Howdy sort-of neighbor! I wish I had your power and w/Kg numbers

I started a new commute in March, went from 4 miles, mostly W&OD to slight rolling 10 - 12 miles 1-way depending on how much of the traffic on Centreville Rd between Herndon & Chantilly I want to deal with. What I did:
- 2x week, usually Tue & Thur: make at least one of the 2 rides that day an interval or steady-state session; the traffic lights usually force me into a 3-6 min interval with a forced rest at the stop lights. Adjust by a day if weather or work is going to get in the way. If I'm on the commuter bike (no power data), go by feel or try to practice some other aspect of my riding.
- Sat/Sun: Intense indoor session, or since early April, long ride; throw in some hard extended efforts or hill climbs depending on route. If I go Saturday, Sunday will be an easier ride of off day depending on family obligations.
- Other days: take it easier on commute unless I feel particularly firksy that trip.
- Because I am a numbers fiend, I started tracking data on each commute - time, distance, averages for HR, power, and after I load it into Training Peaks, their estimate (power or HR-based depending on the bike) for TSS. I also started plotting the TSS data and calculating training loads (per Coggans & Howard's Training With Power, algorithm is also explained on the Training Peaks site). I believe the pay version of TP calculates this for you, but I didn't want to spend that much at this point. Golden Cheetah is free (as in beer) but only calculates a training load if it has power data. TP will estimate a training load from HR or avg HR data if that's all that you load in.
- It took me about a month to get accustomed to the new commute, there were some days I really felt beat up (and some of the March-April weather didn't help, either). Some weeks I did only one targeted day. I feel I can handle 2 hard days/week plus a big weekend ride OK now.

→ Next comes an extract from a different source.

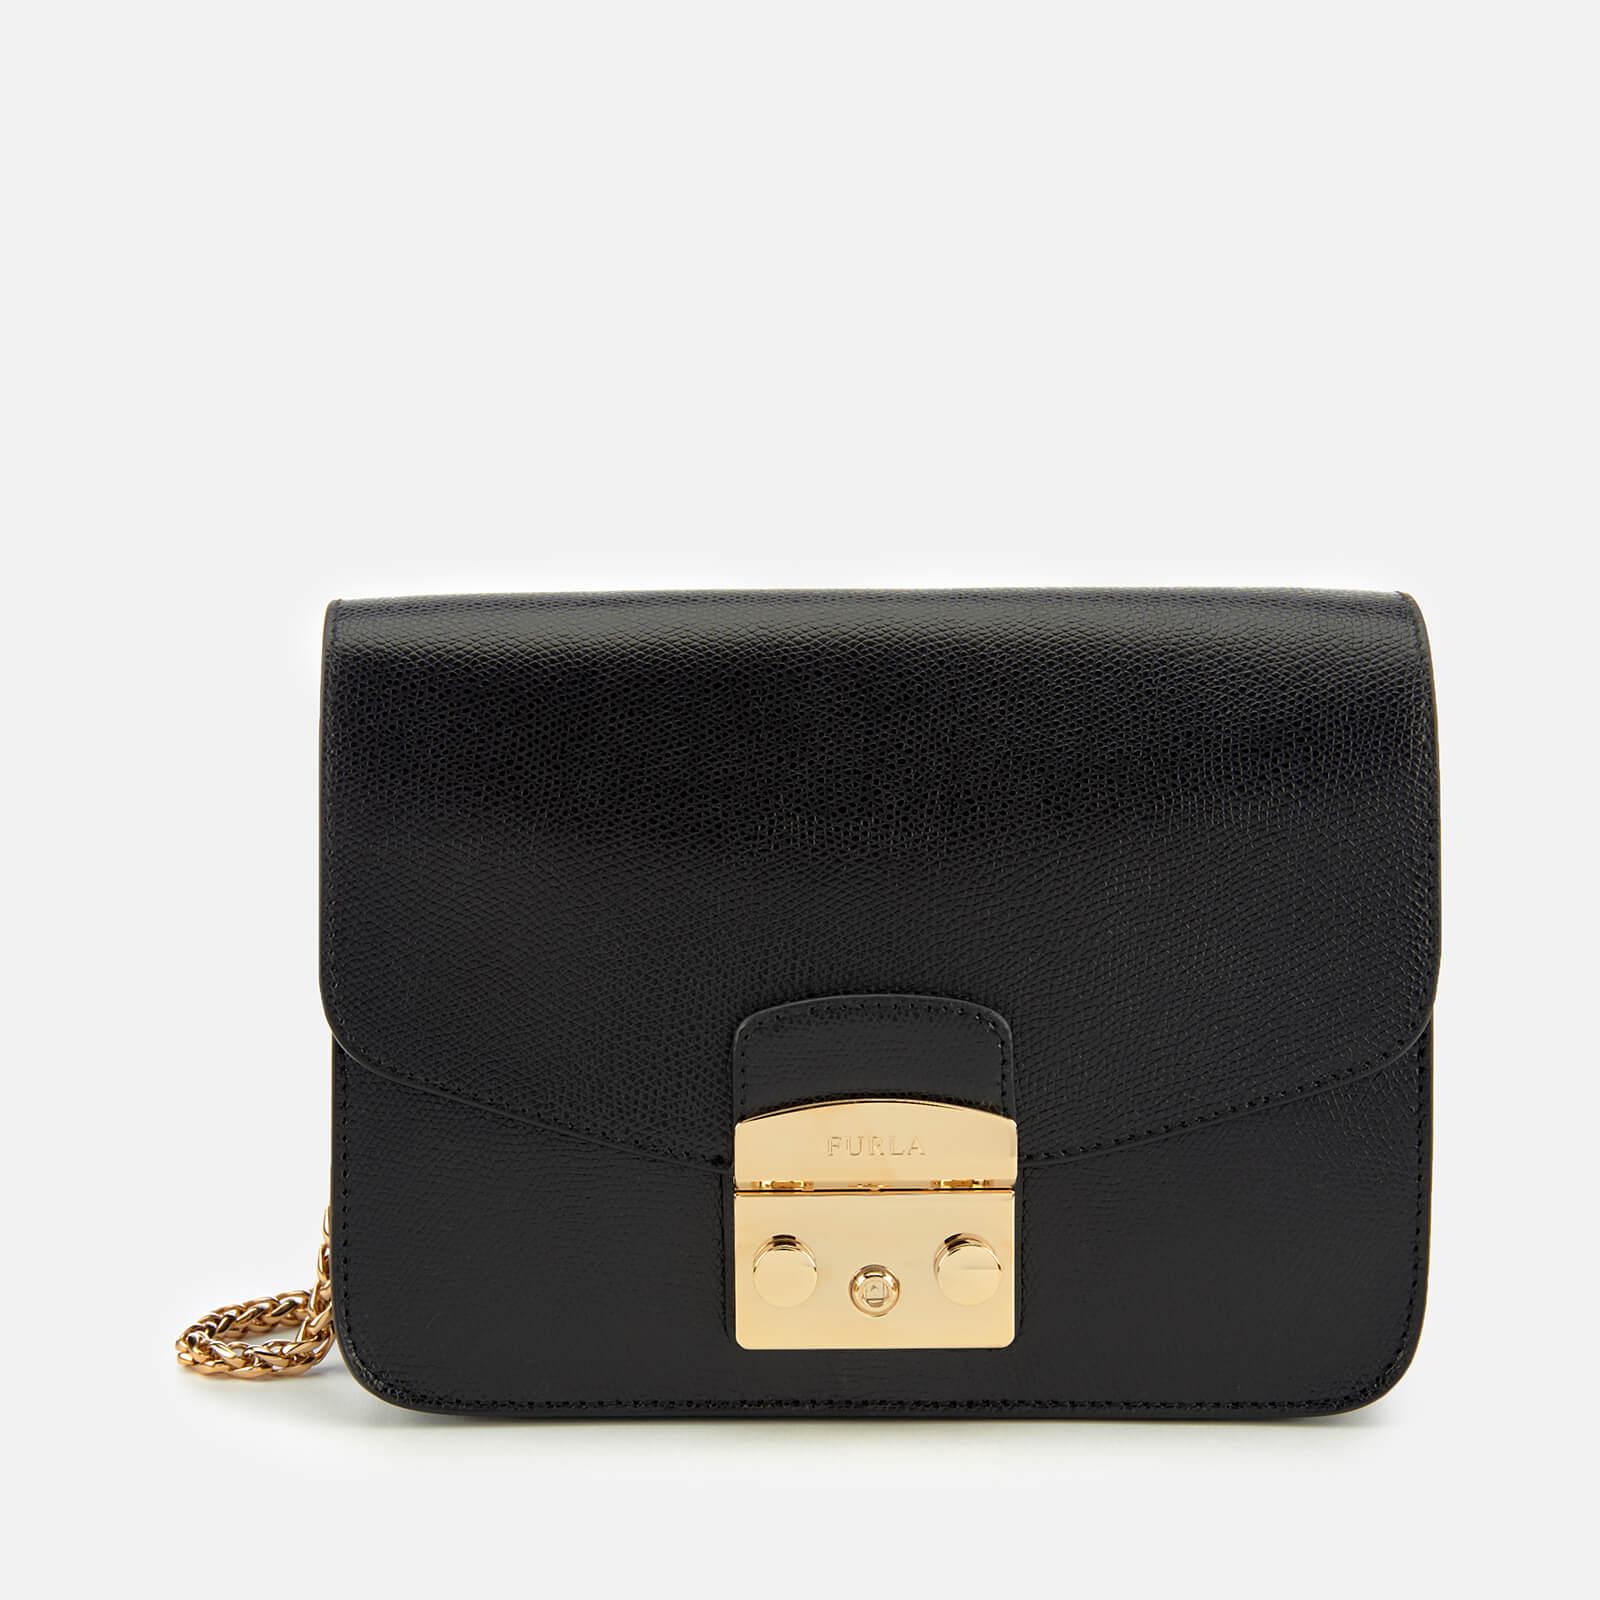 Furla Women's Metropolis Small Cross Body Bag - Black

- The other days I can work on cadence, pedal technique, or just enjoying being on the bike (even if it's in DC area traffic!) and not paying gas, parking, transit fares, car tax, depreciation, ... You could, for example, work on spinning in a lower gear if increasing cadence is a goal. Just decide on a purpose for the day's commute, even if it's saving $$ for more bike swag.
- If more intense exertions are what you want to work on (bridging gaps, attacks, sprints), use traffic lights/stop signs as break points for going all-out on the hard days.
I've noticed a slight weight loss which is nice to get but wasn't an objective, as well as a steady decrease in riding time/speed increase on the commutes. Other than as a way to get the "training" aspect of the ride back towards an hour, I'm not considering lengthening the commute; I'd probably add to the route going home, just because I have more flexibility after work than before. My commute takes me past where one of the local weeknight group rides starts; if I can figure out where to leave my stuff for 2 hrs, I can use that for some extra hard riding.